On June 11, 2021, the New York Times team covering the COVID-19 pandemic during 2020 won the Pulitzer Prize for Public Service. Eddie Burkhalter, a 2020 Poynter-Koch Media and Journalism Fellow at the Alabama Political Reporter, had been a contributor of reporting to the overall effort.
Burkhalter’s achievement is even more remarkable considering he had left journalism just a few years before. Told by his employer that he couldn’t investigate allegations of sexual misconduct, Burkhalter quit his job to follow the story wherever it led.
We spoke with Burkhalter about courage and how the Poynter-Koch Media Fellowship helped him relaunch his journalism career. The conversation is adapted for length and clarity.
Burkhalter: I fell into journalism. I studied social work, but a buddy of mine worked at a weekly. He knew I liked to write and encouraged me to apply for a job. I got it and have loved journalism ever since. Probably because I’ve always been an inquisitive person. A plane crashed in my yard when I was two and a half. I always wanted to meet the people who survived the crash. I eventually wrote their story.
Then I left journalism for a bit.
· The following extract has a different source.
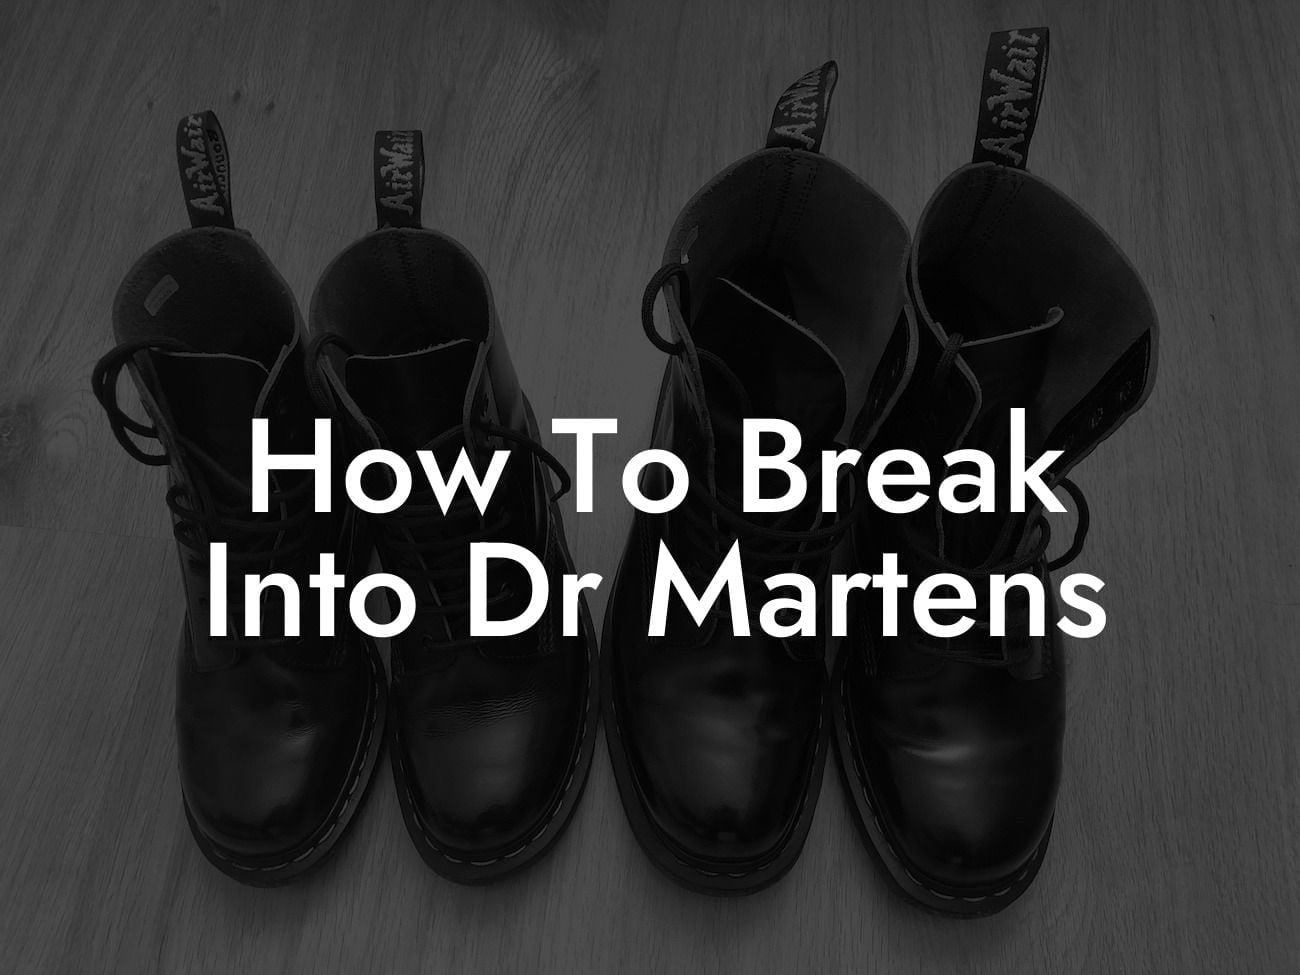 How To Break Into Dr Martens

I read a column in 2017 in which a Pulitzer Prize-winning Alabama journalist alluded to his wife’s experience with sexual harassment at a local newspaper. He said her first publisher had attacked her. I was curious. It didn’t take long to figure out that the paper was my own. I reached out to the writer, and he confirmed my hunch.
I started working on the story and went over my approach with my managing editor. He was supportive at first, but then talked to the publisher. I was ordered off the story. I gave them a few days to change their minds, but they didn’t. So I quit a job I loved.
Journalists go through this all the time. When you’re a young reporter, it’s hard to be able to say, “I know this to be right.” You have to trust your instincts. I knew I wasn’t going to be able to kill a piece like that.
So I sourced and wrote the story on my own. I contacted the victims — there was more than just the one — and former staff. I also had it checked by a lawyer, and then published it as a freelancer. The publisher eventually stepped down.
After that, I didn’t have a job, and nobody was hiring. I was done with journalism. I worked at a plumbing supply place. They used newspapers to pack supplies. I was packing a faucet one day and looked at the newspaper — it was the one with my last front-page story.
I was a paralegal for a year, but I missed journalism. That’s when I saw an ad for the Poynter-Koch Media and Journalism Fellowship. I applied, and things went quickly. I found placement at the Alabama Political Reporter, the outlet that published my freelance story. The Reporter had not previously worked with the Poynter-Koch Fellowship, but the team at CKI went to bat for me. Without the fellowship, I don’t know if I would be in journalism anymore. It saved my career.
The fellowship itself was a crash course in journalism school. A Dallas Morning News writer discussed reporting on immigration. He talked about how to be careful with sources and their safety. I’ve used a lot of those lessons in my reporting on prisons. We got a great lesson about how to use data from a Miami Herald investigative reporter. Getting lessons from reporters like that is so beneficial.
The program also creates connections between journalists from different backgrounds and disciplines. Our initial meetings were in person, before the pandemic. We had meals. We had beers. We still exchange messages, talk, and share each other’s stories. It’s like a family — a support group. Journalism is hard on a good day.
When the fellowship ended, I was worried about what would come next. I wasn’t sure if my current publisher could afford to keep me. We’re a very small outlet. But our readership exploded during COVID-19, and they found the resources. I’m grateful. I have a lot of freedom to write what I want. I’m looking forward to doing more climate-change coverage.
Over the last year I’ve written more than 500 stories on the pandemic. I lost my father to COVID-19 in August while reporting on it. I’ve also done a lot of work on the virus in prisons. The New York Times picked up a Reporter story I wrote about Colony Wilson, a Birmingham prison inmate who collapsed in a stairwell. The staff didn’t help her, and she lay there for seven minutes unable to breathe. No one did anything.
I wouldn’t have had the chance to tell that story without the fellowship. It provides the resources reporters need to grow and develop. You can’t get that in many places.